Featuring an eccentricity of ~0.21, Mercury’s orbit is the most elliptical among all the planets in the Solar System. During Mercury’s journey around the Sun, the varying gravitational pull periodically stretches and squeezes the planet, leading to observable surface radial tidal deformation (peak-to-peak amplitude of around 0.6 m at the polar regions and 2 m at the equatorial regions). The magnitude of this deformation, quantified by the tidal Love number h2, depends on the deep interior, and constraining its value can shed insights into Mercury’s structural and rheological properties of Mercury, such as the existence of a solid inner core and the softness of its mantle.
Accurate measurements of tidal deformations require precise observations, most commonly acquired by a laser altimeter. A laser altimeter is an instrument that precisely measures the distance from an orbiting spacecraft to the planetary surface by measuring the time-of-travel of an emitted and then reflected laser beam. Given the position and attitude of the spacecraft, the topographic heights of individual laser illuminated footprints can be determined. A video showing how a laser altimeter works is available at https://www.youtube.com/watch?v=7SnWrlj4z6Q.
Bertone et al. (2021, https://doi.org/10.1029/2020je006683) first measured Mercury’s tidal deformation using height differences at intersections of laser ground tracks acquired by the Mercury Laser Altimeter (MLA) onboard NASA’s MESSENGER mission. However, only the lower bound of their measured magnitude is compatible with the theoretical values from interior modelings. However, due to non-infinite sampling of the laser pulses (firing 10 beams per second), the separation distance between consecutive footprints can range from 350 m to 450 m. The Achilles heel of this approach is that the heights at the intersections need to be interpolated from the bracketing footprints along each track. This mandate leads to significant interpolation errors that can severely deteriorate their measurements, especially when the terrain is rough.

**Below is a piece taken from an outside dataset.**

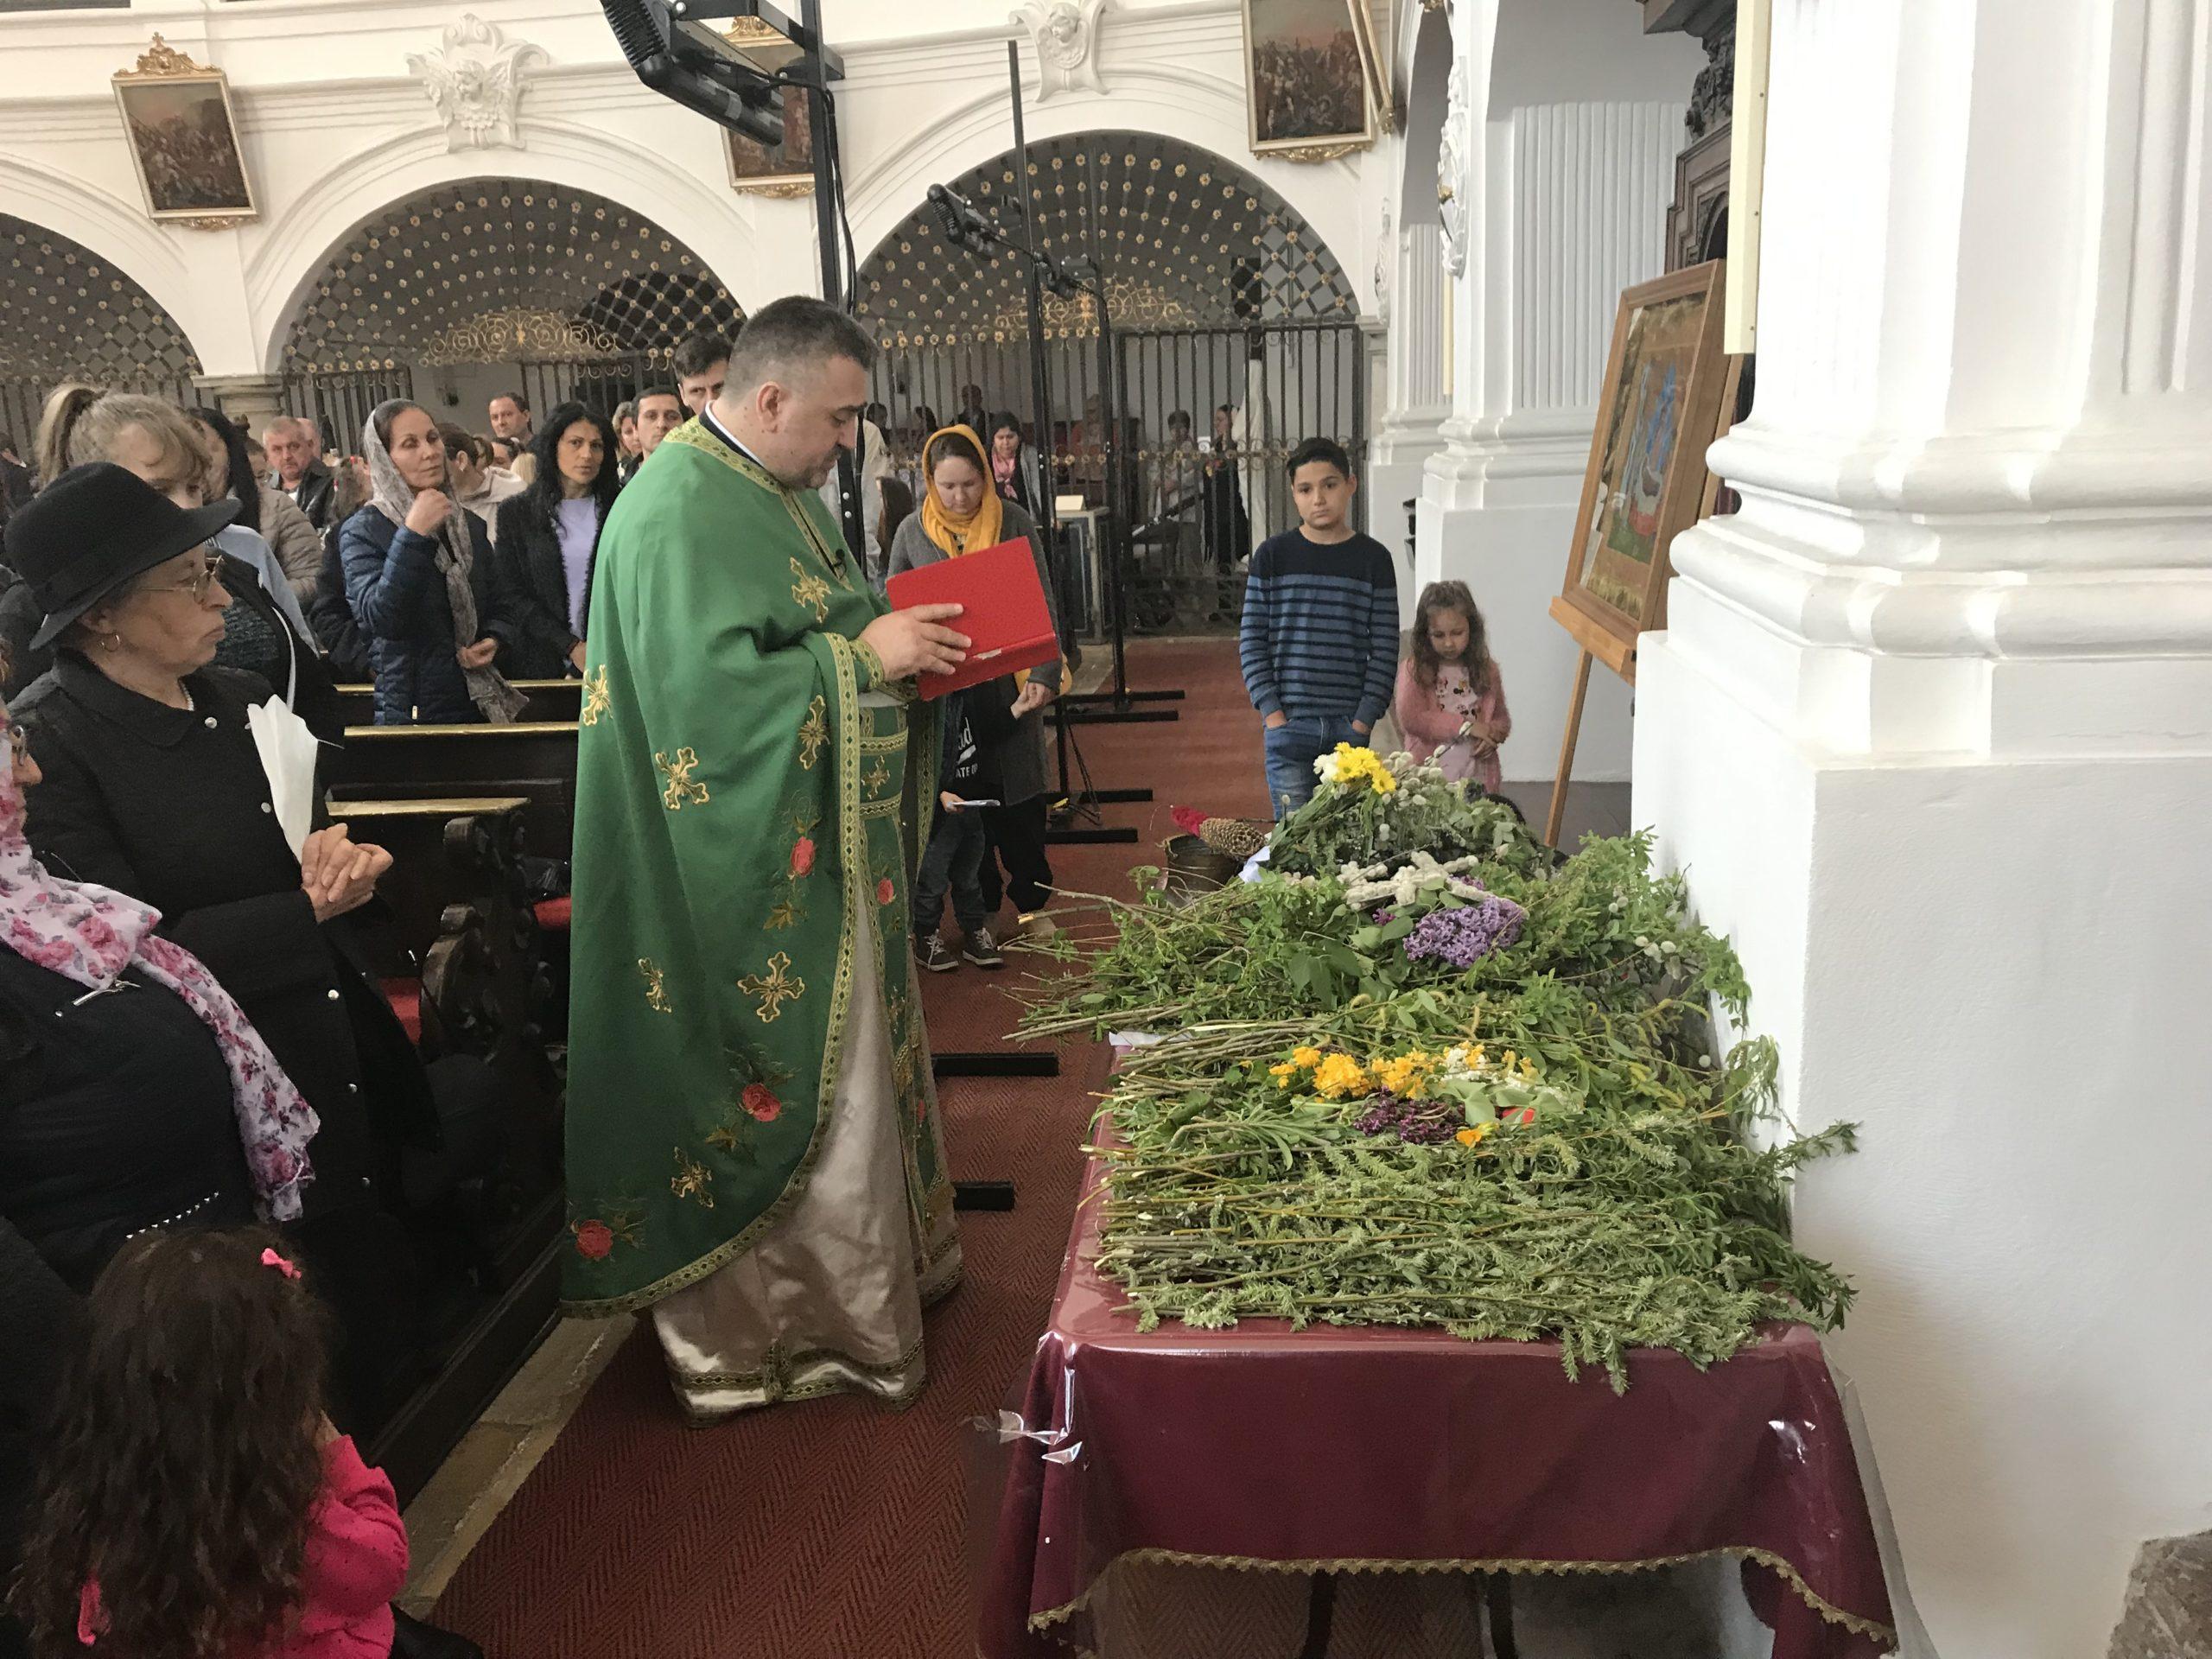 Biserica noastră din Straubing va fi deschisă de Florii şi de Paşti!
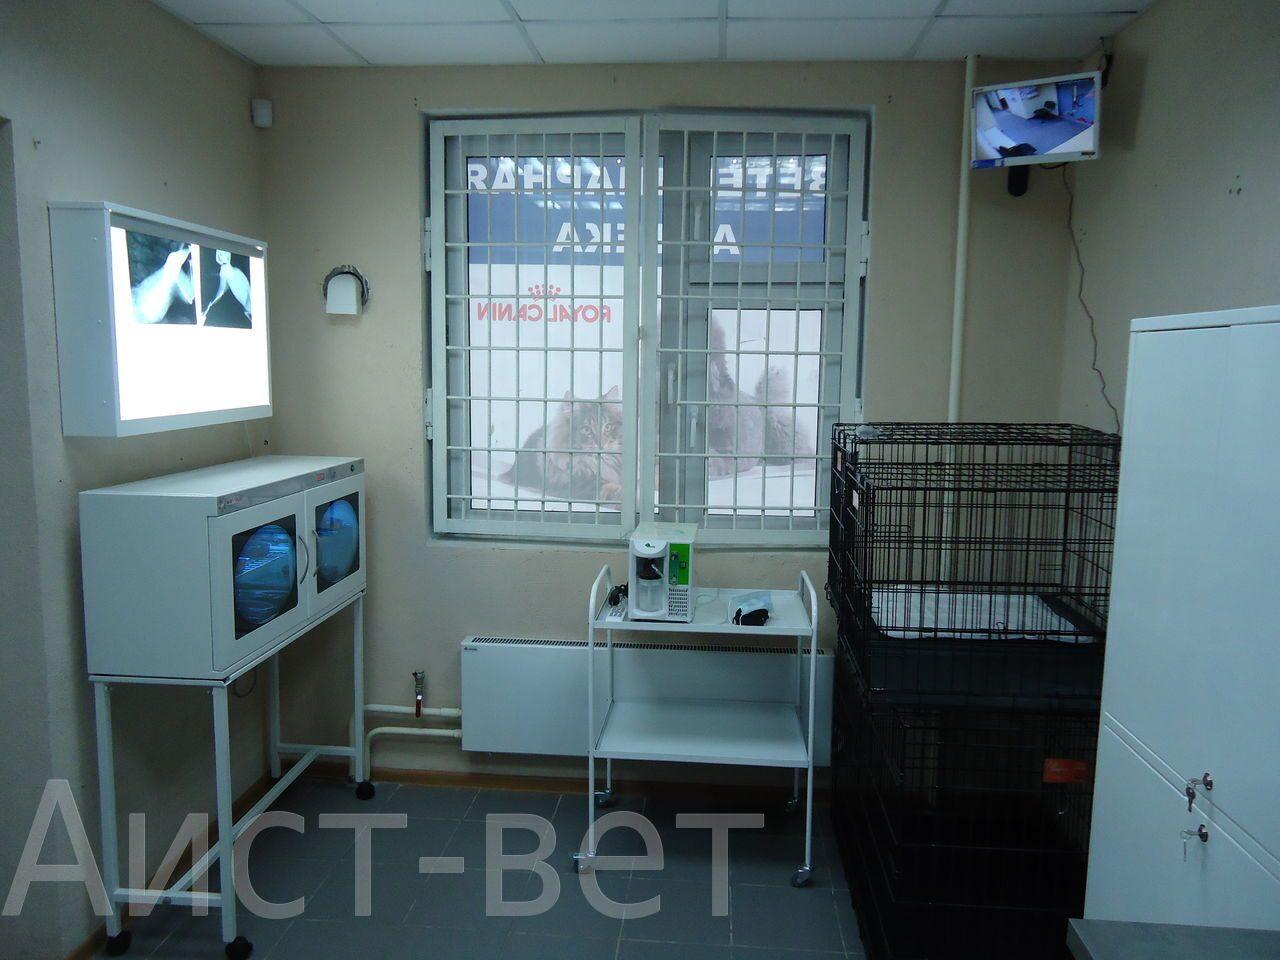 Ветеринарная клиника Аист-вет в микрорайоне в Бутово

In this study, we reprocess the MLA height profiles, and apply an alternative approach, which is based on the co-registration technique, to look into Mercury’s tidal deformation. In principle, we shift the laser profiles in 3D dimensions so that it can fit with a reference topographic model. Taking the metaphor of the Jigsaw Puzzle game, the alignment is like shifting one piece so that it can fit with the rest. This leads to a precise extraction of the temporal variations of the surface height induced by body tides. We carry out the application at the very north polar region of Mercury. Our measured tidal deformation magnitude is 68% lower than that of Bertone et al. (2021), and is compatible with existing models. Our measurement favors a small to medium-sized solid inner core.
Currently, we are processing the MLA profiles to assess Mercury’s Cassini state (spin axis, orbital norm, and norm to the Laplace plane or mean orbital plane remain coplanar) and quantify multiple components of its librations (periodic variation in mean rotation rate). Ultimately, these geodetic parameters will be combined with the measured tidal Love number to shed comprehensive new insights into the planet’s interior structure and compositions. This information can critically constrain the thermal evolution of Mercury and its magnetic dynamo.
These results have recently been published in Geophysical Research Letters (GRL) of the American Geophysical Union (AGU), which can be accessed at https://doi.org/10.1029/2024GL112266.